We simply use an LLM-as-judge with an easily customized grader prompt: 

https://smith.langchain.com/hub/langchain-ai/rag-answer-vs-reference

![langsmith_rag_flow.png](attachment:d39896f3-91b0-4fd4-9a0a-30448e245a24.png)

In [21]:
# RAG chain
def predict_rag_answer(example: dict):
    """Use this for answer evaluation"""
    response = rag_bot.get_answer(example["question"])
    return {"answer": response["answer"]}

def predict_rag_answer_with_context(example: dict):
    """Use this for evaluation of retrieved documents and hallucinations"""
    response = rag_bot.get_answer(example["question"])
    return {"answer": response["answer"], "contexts": response["contexts"]}

In [19]:
from langchain import hub
from langchain_openai import ChatOpenAI

# Grade prompt 
grade_prompt_answer_accuracy = prompt = hub.pull("langchain-ai/rag-answer-vs-reference")

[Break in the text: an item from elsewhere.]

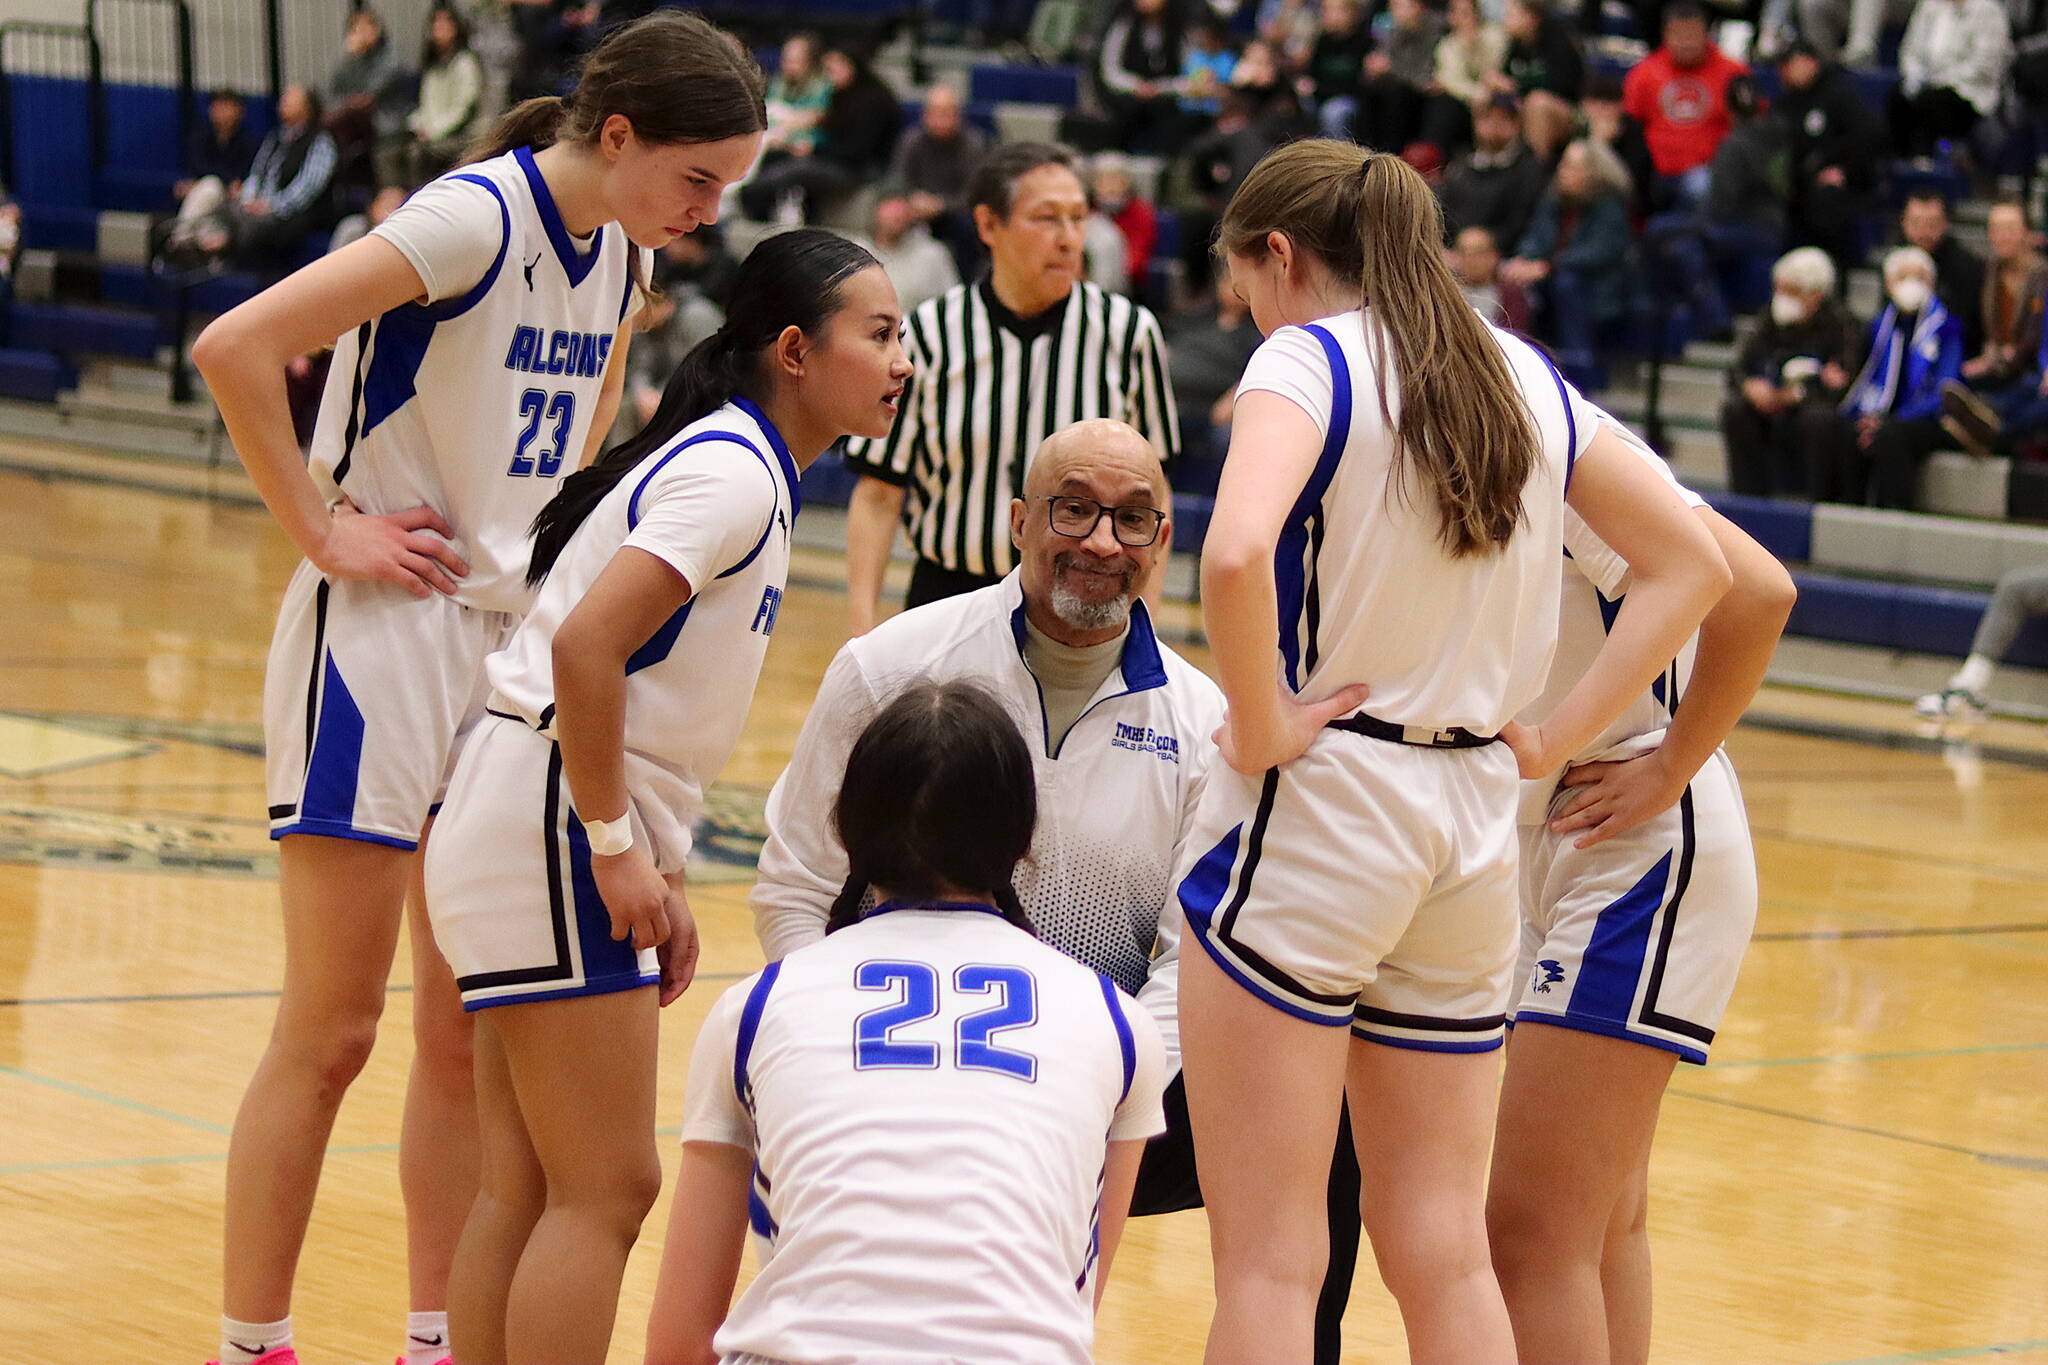 Thunder Mountain High School Head Coach Andy Lee confers with his players during a timeout in Saturday’s game against Ketchikan High School at TMHS. (Mark Sabbatini / Juneau Empire)

def answer_evaluator(run, example) -> dict:
    """
    A simple evaluator for RAG answer accuracy
    """
    
    # Get summary
    input_question = example.inputs["question"]
    reference = example.outputs["answer"]
    prediction = run.outputs["answer"]

    # LLM grader
    llm = ChatOpenAI(model="gpt-4-turbo", temperature=0)

    # Structured prompt
    
    answer_grader = grade_prompt_answer_accuracy | llm

    # Get score
    score = answer_grader.invoke({"question": input_question,
                                  "correct_answer": reference,
                                  "student_answer": prediction})
    score = score["Score"]

    return {"key": "answer_score", "score": score}

In [49]:
from langsmith.evaluation import evaluate

dataset_name = "RAG_test_LCEL"
experiment_results = evaluate(
    predict_rag_answer,
    data=dataset_name,
    evaluators=[answer_evaluator],
    experiment_prefix="rag-qa-oai",
    metadata={"variant": "LCEL context, gpt-3.5-turbo"},
)

View the evaluation results for experiment: 'rag-qa-oai-150026f3' at:
https://smith.langchain.com/o/c3cd0244-c565-56a8-a476-2f7702bfafd2/datasets/952fbc46-9cc9-4b4d-b0a0-ff8e72552132/compare?selectedSessions=1e582705-da61-449e-af92-3810a25d64ac




0it [00:00, ?it/s]

### Type 2: Answer Hallucination

#### Eval flow

We simply use an LLM-as-judge with an easily customized grader prompt: 

https://smith.langchain.com/hub/langchain-ai/rag-answer-hallucination

![langsmith_rag_flow_hallucination.png](attachment:5fac9ecf-cc12-4712-a267-1684f4f8e005.png)

In [58]:
# Prompt 
grade_prompt_hallucinations = prompt = hub.pull("langchain-ai/rag-answer-hallucination")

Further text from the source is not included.